That too is a question that cannot be answered, but I do think that gratitude is a fundamentally empowering and ennobling character trait which can itself be healing.
Rav Yitzhak Hutner explains that the Hebrew root Heh, Daled, Heh means both to thank and to concede. He teaches that fundamentally, the two meanings are one. To express gratitude is to concede that one has received a benefit that one did not deserve or to which one had no right or expectation. The concession that one has received a gift and the gratitude for receiving that gift are the same internal spiritual characteristics. And cultivating that awareness about the events of our personal lives and about our national lives – coming to see ourselves as having received a gift can lead to a greater sense of agency and a more hopeful outlook.
Today is the 5th of Iyyar.

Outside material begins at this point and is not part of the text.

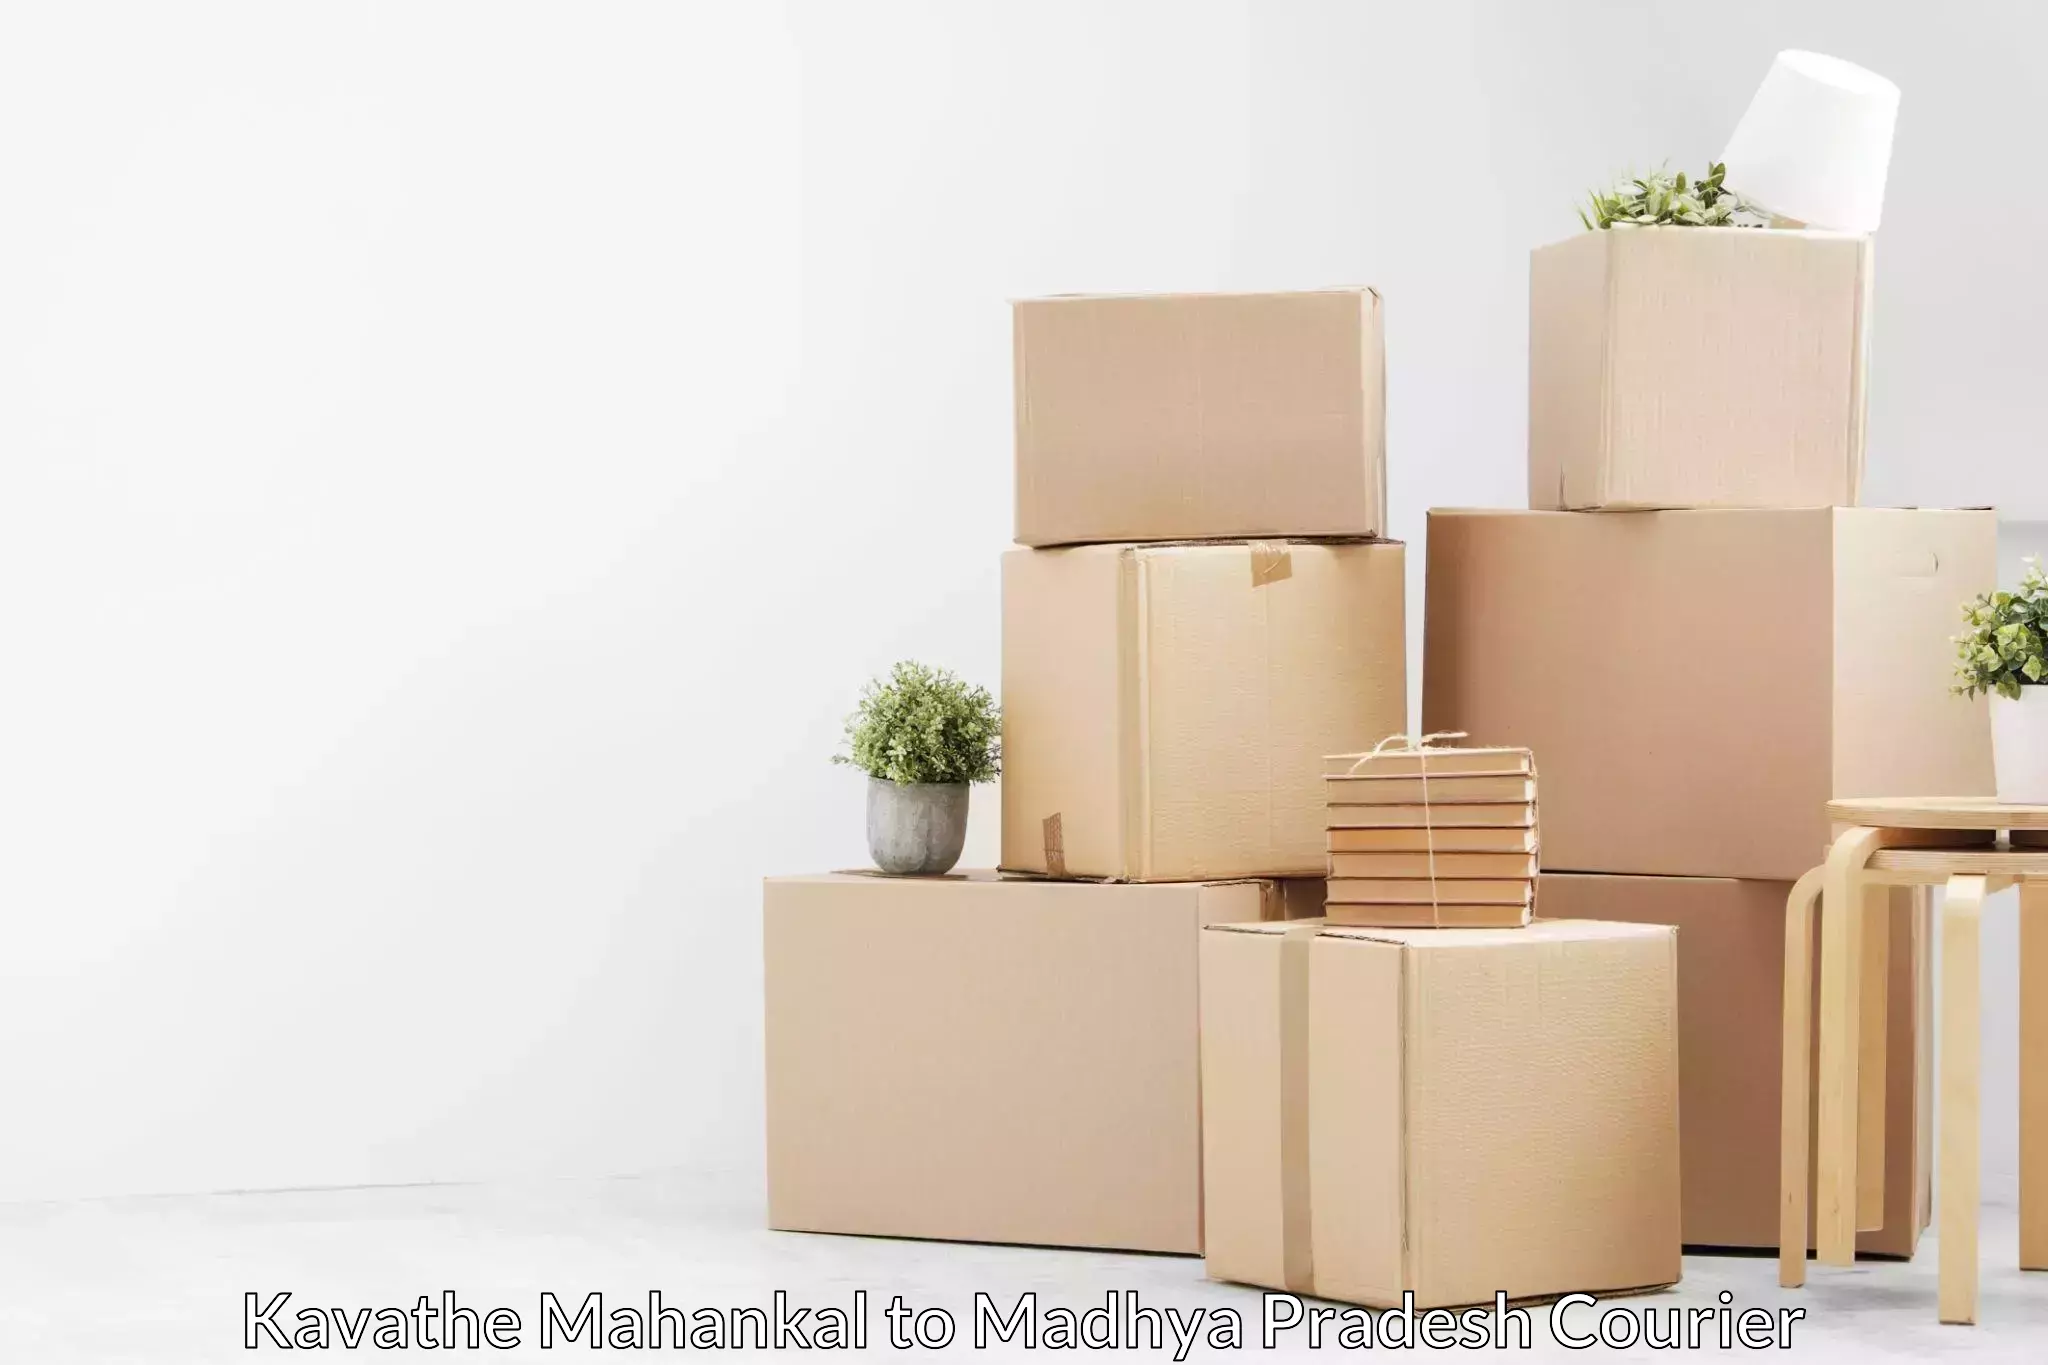 Cost-effective moving options Kavathe Mahankal to Bajag

This is the actual anniversary of Israeli independence. In most years the commemorations are early in order to avoid conflicts with Shabbat – just as the actual Israeli declaration of independence took place several hours before the expiration of the British mandate to avoid conflicting with Shabbat. But the 5th of Iyyar retains a piece of its identity and the spiritual work of Yom Ha’atzma’ut can extend into today as well. And that spiritual work, I believe, is primarily one of gratitude.

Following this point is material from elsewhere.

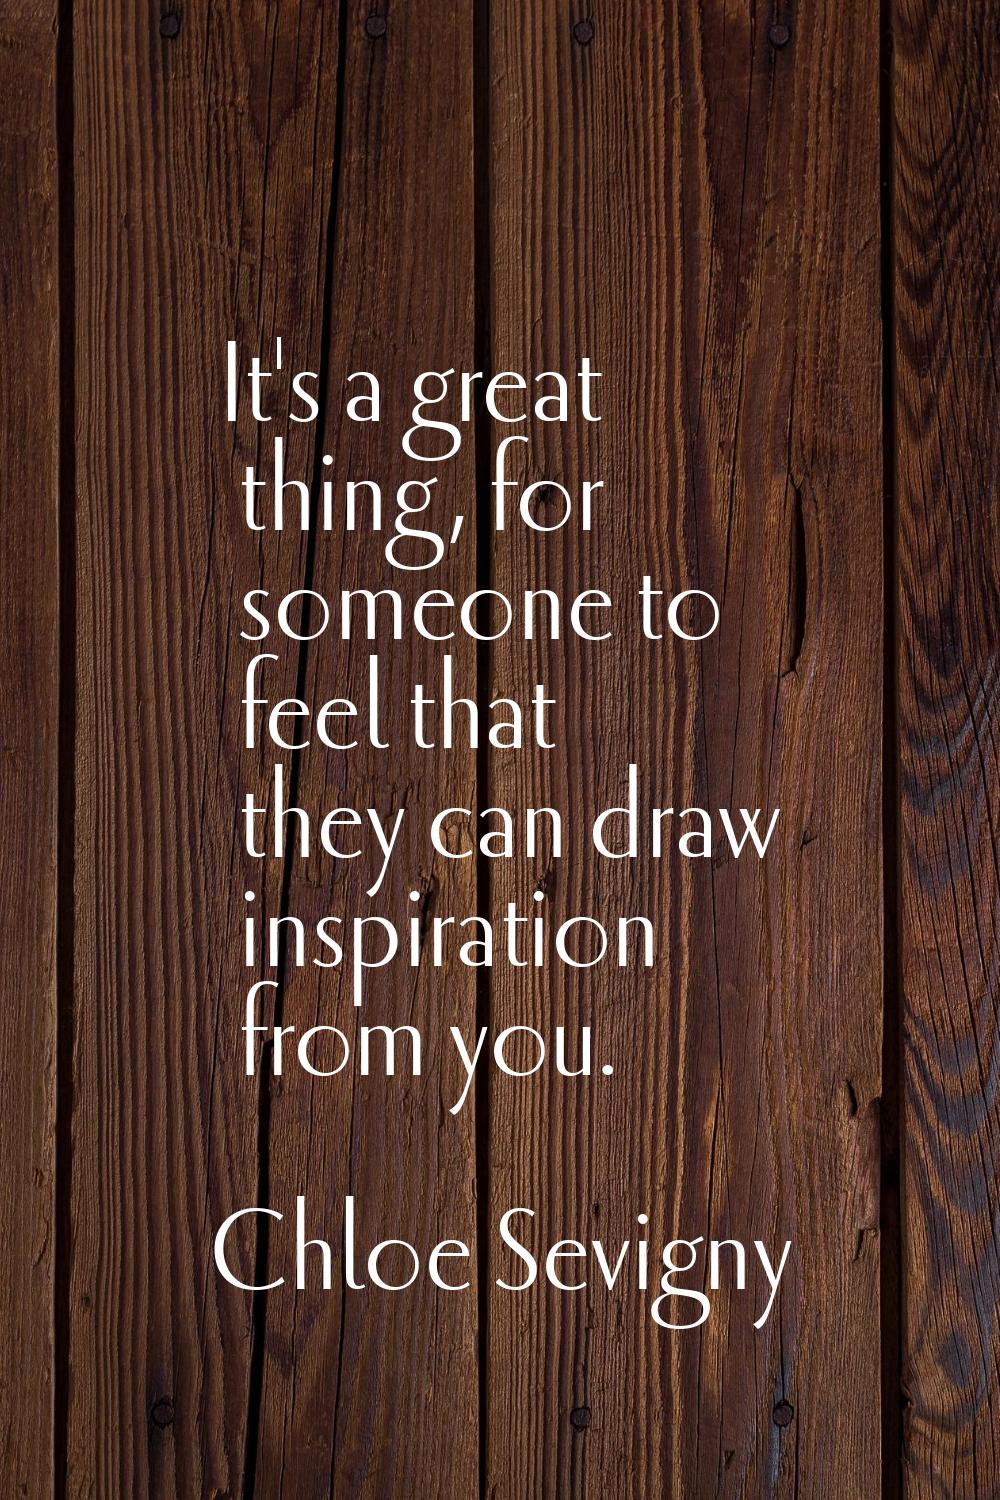 It's a great thing, for someone to feel that they can draw inspiration from you.

We find ourselves in the middle of the story, in a generation that is neither fully guilty nor fully innocent. We find ourselves facing the never answered questions of the Kuzari and of Rav Soloveitchik: if we love Eretz Yisrael so much, why don’t we live there? Can we only look with pride on the Jewish ethical tradition because it went untested for most of Jewish history? With gratitude for the opportunities given to us to take agency over our collective lives as Jews, what direction do we wish to pursue?

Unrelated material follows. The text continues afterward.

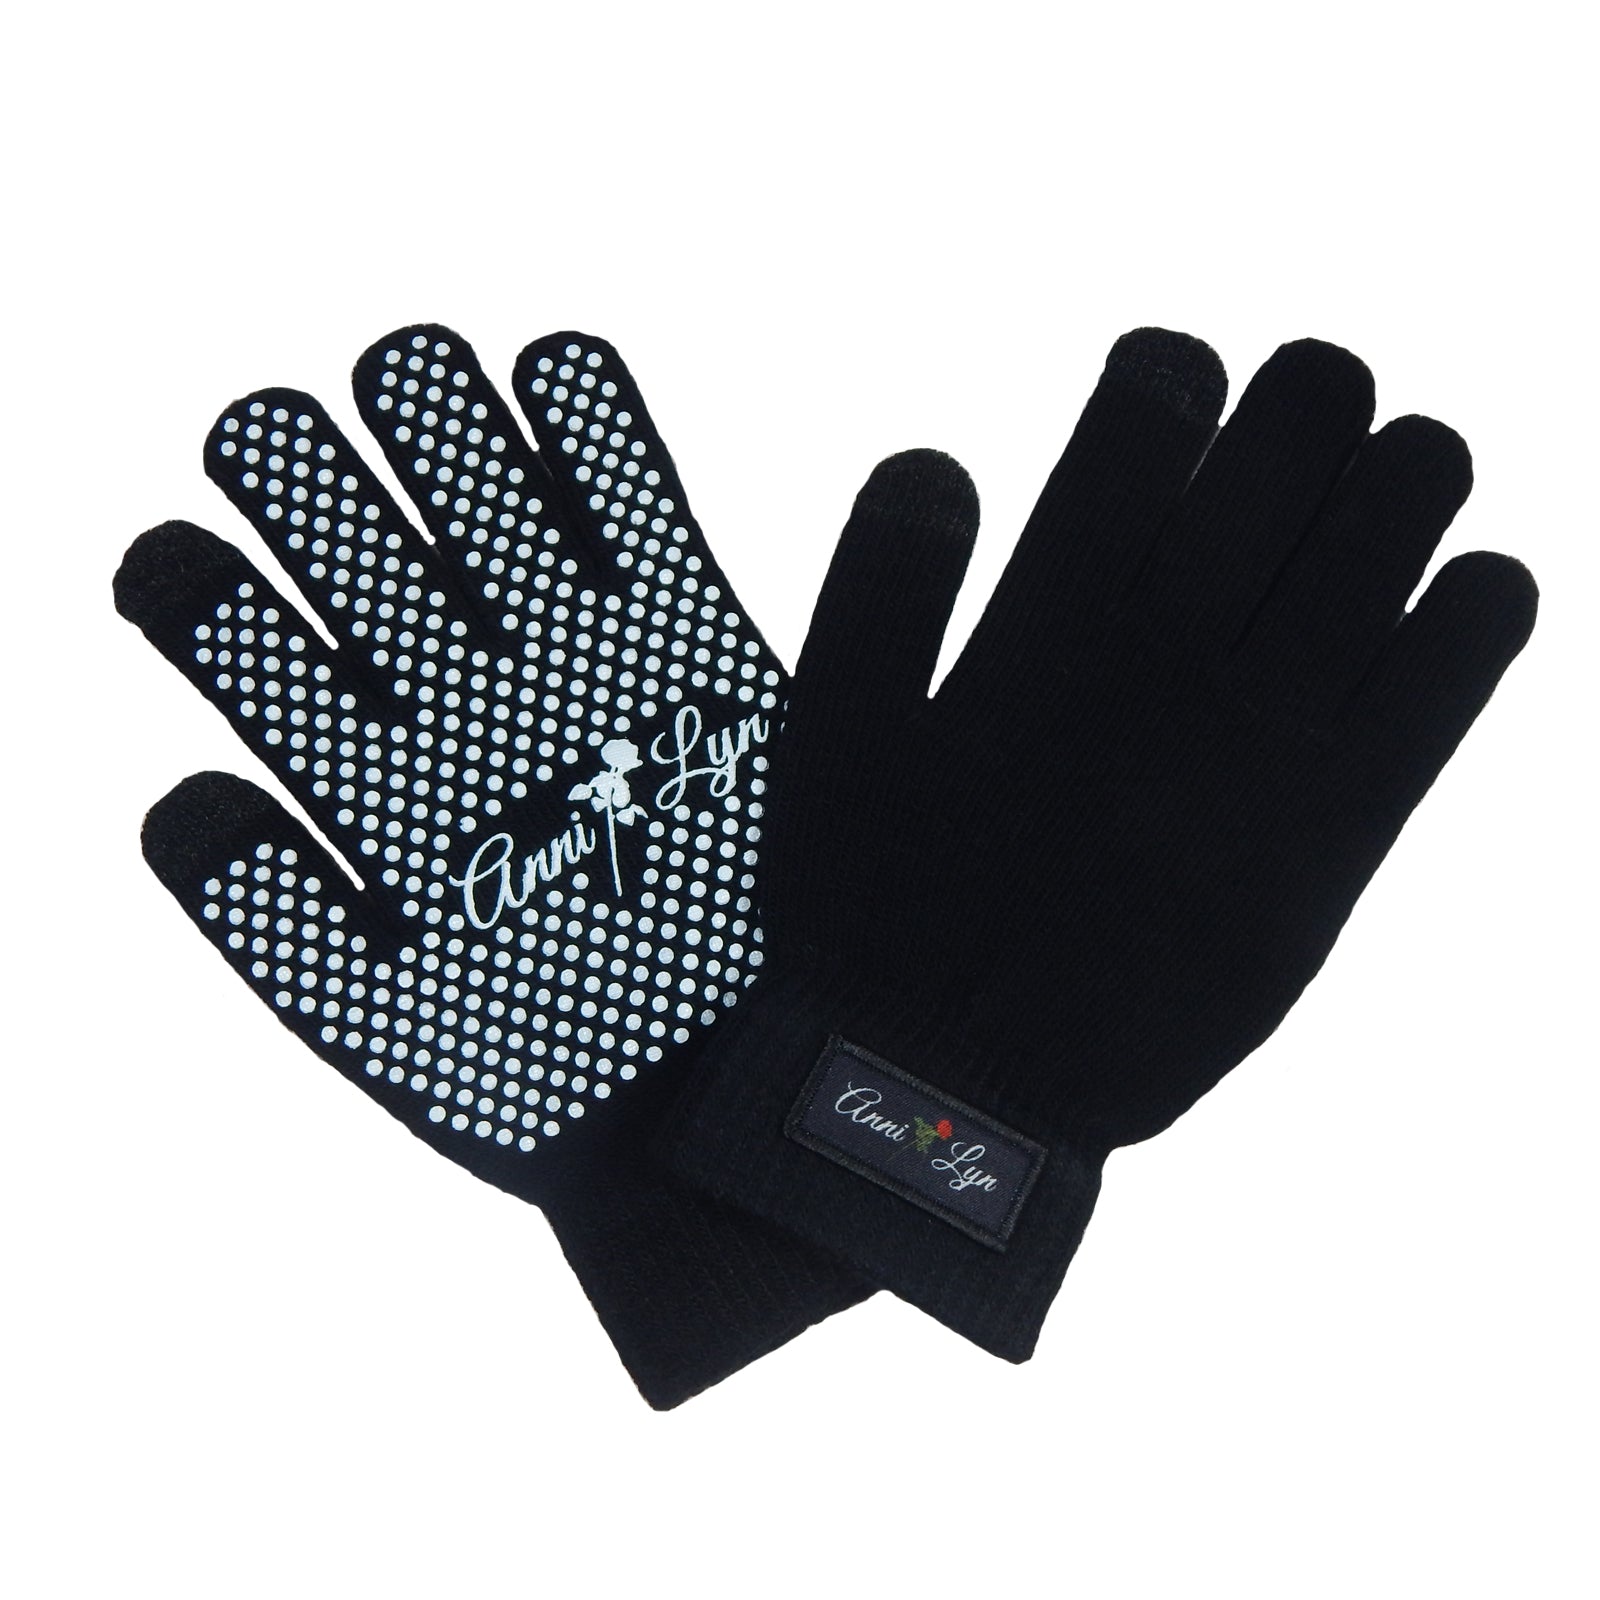 Anni Lyn Sportswear Winter Knit Gloves with Silicone Grip

Zionism, for Rav Shagar, the great post-modern Jewish thinker, is not about being, but about becoming. It is not a celebration of what we have but a cultivation of yearning for that which is not yet. Writing about Hatikvah, Israel’s anthem, Rav Shagar noted:
Hatikvah was not written by a citizen of the state in order to commemorate its victories, because it was written before the state existed, before the state could be anything more than a hope…It’s all about not having a home, but hoping to have a home one day… Most other anthems…celebrate victories, and they have proud, bombastic tunes. They’re meant to inspire confident, patriotic national identities. Hatikvah inspires a national identity of meek hope, confident in the future but not in the present.
Can we be grateful for the blessings of modern Jewish life, while still yearning for something better? Can we be proud of what Jews have accomplished in our ancient homeland without being complacent about all the work that remains? Can the awareness that our generation – and we ourselves are neither fully innocent nor fully guilty – lead us, not to cynicism, but to a process of purification and renewal?
It’s too soon to tell.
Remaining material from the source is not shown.